EXERCISE AIM: The answer is the exact run of lines in the listing below from the line containing "Una bistecca alla" up to and including the line containing "Sake Dassai 45", with pictures removed.
*** Opening INPUT MATERIAL ***
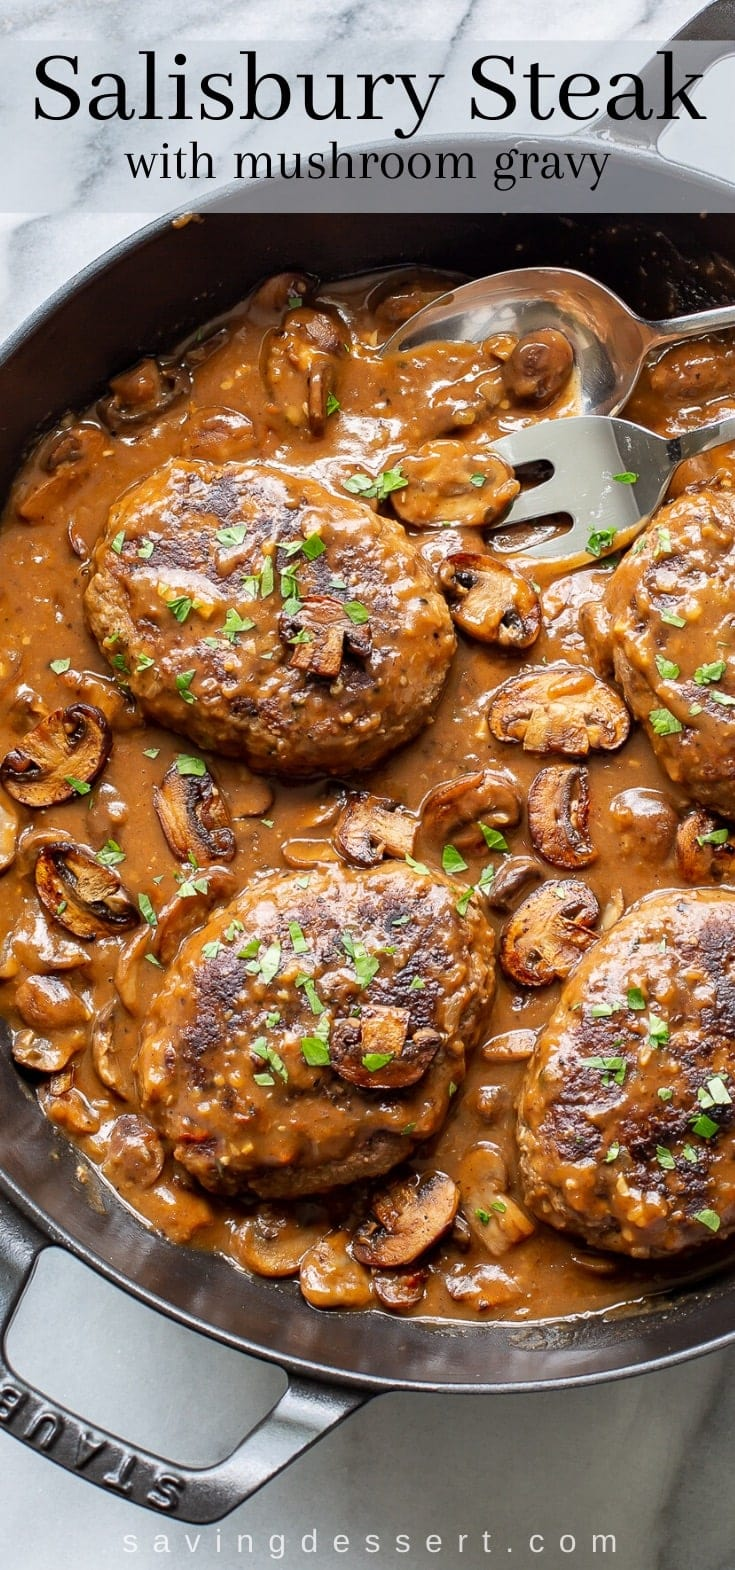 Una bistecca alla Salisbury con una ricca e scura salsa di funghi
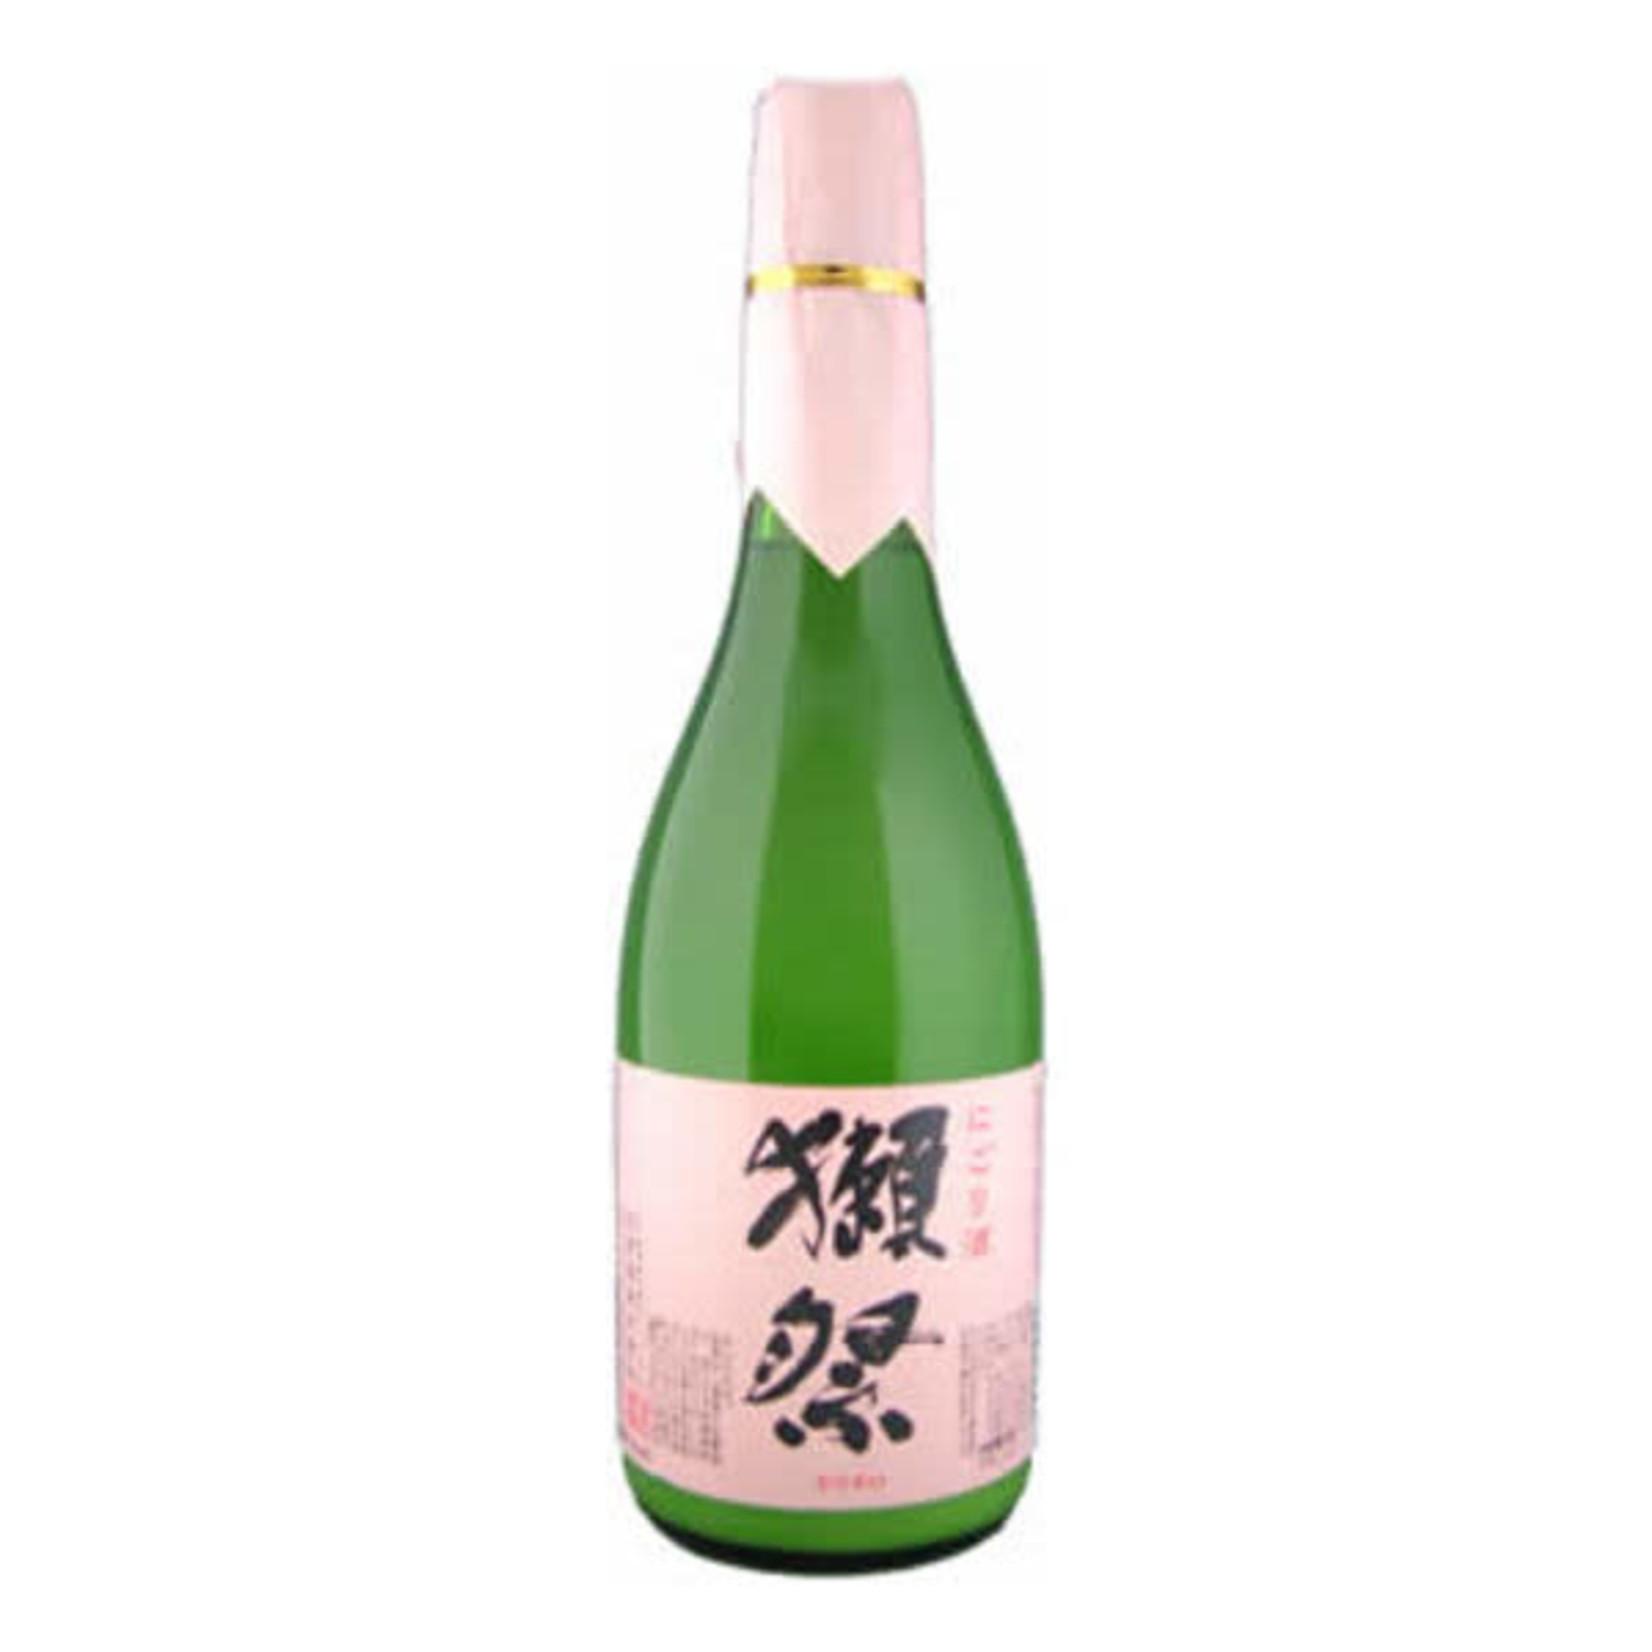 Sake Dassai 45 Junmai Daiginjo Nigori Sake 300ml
*** Closing INPUT MATERIAL ***
*** Opening INPUT MATERIAL ***
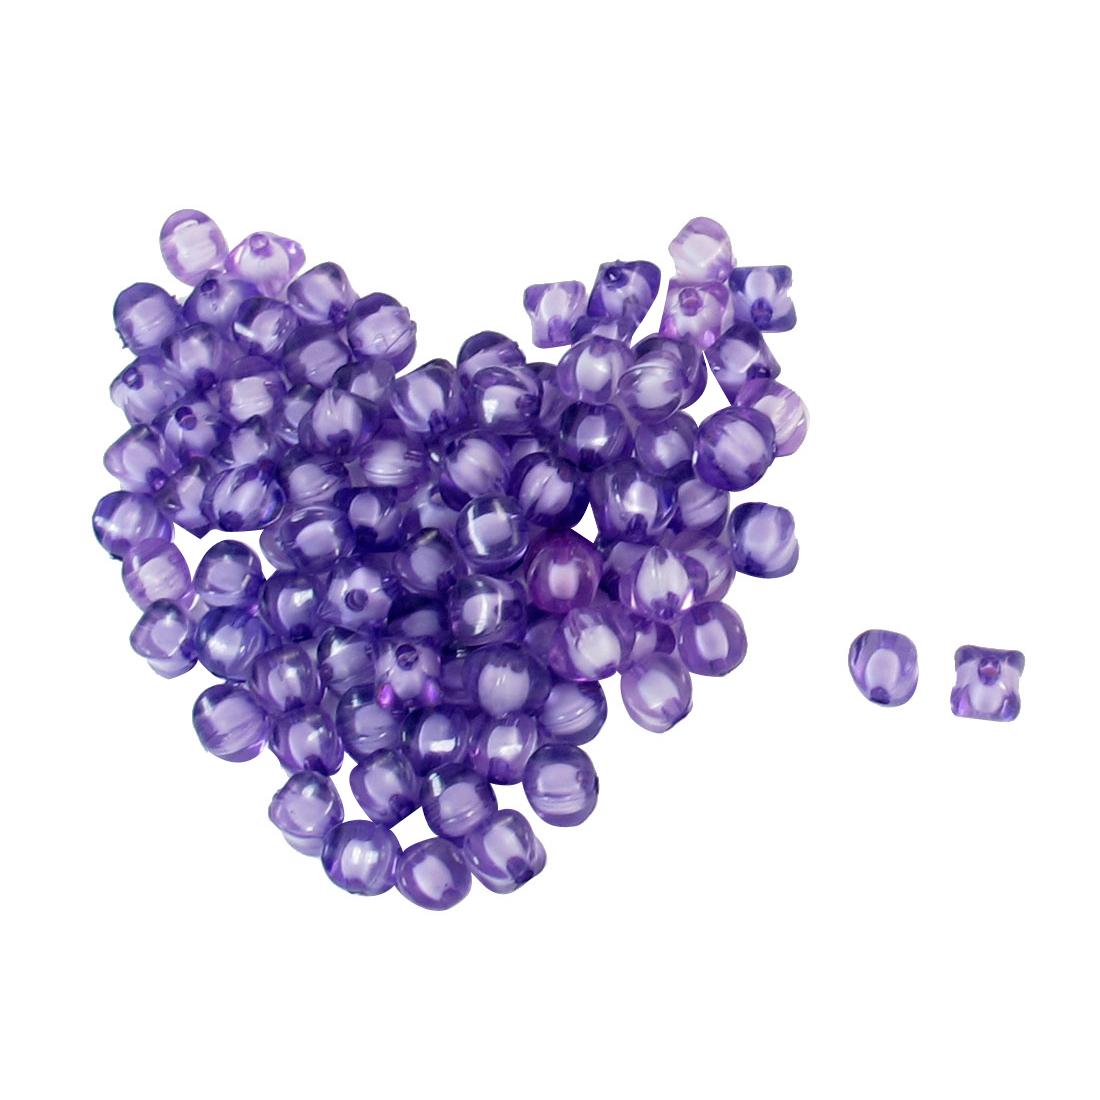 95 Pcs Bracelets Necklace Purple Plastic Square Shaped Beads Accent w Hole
*** Closing INPUT MATERIAL ***
*** Opening INPUT MATERIAL ***
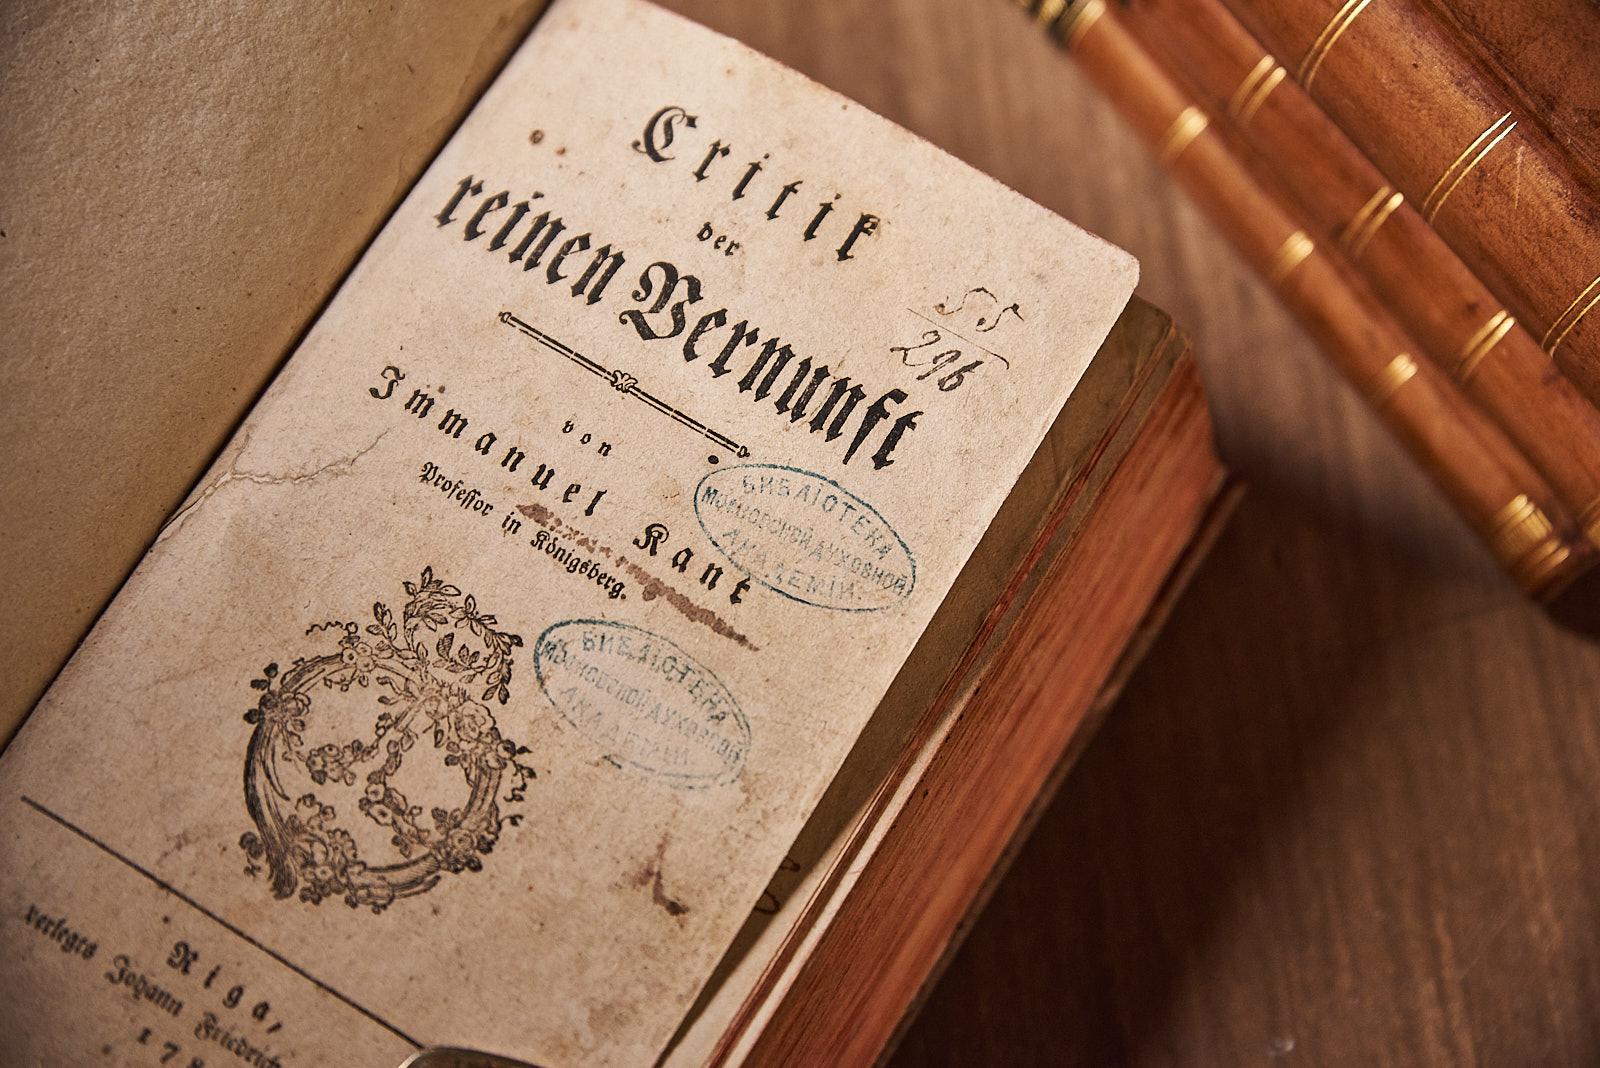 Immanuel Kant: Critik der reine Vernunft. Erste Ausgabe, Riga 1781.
*** Closing INPUT MATERIAL ***
OUTPUT FOR THIS TASK:
 Una bistecca alla Salisbury con una ricca e scura salsa di funghi
 Sake Dassai 45 Junmai Daiginjo Nigori Sake 300ml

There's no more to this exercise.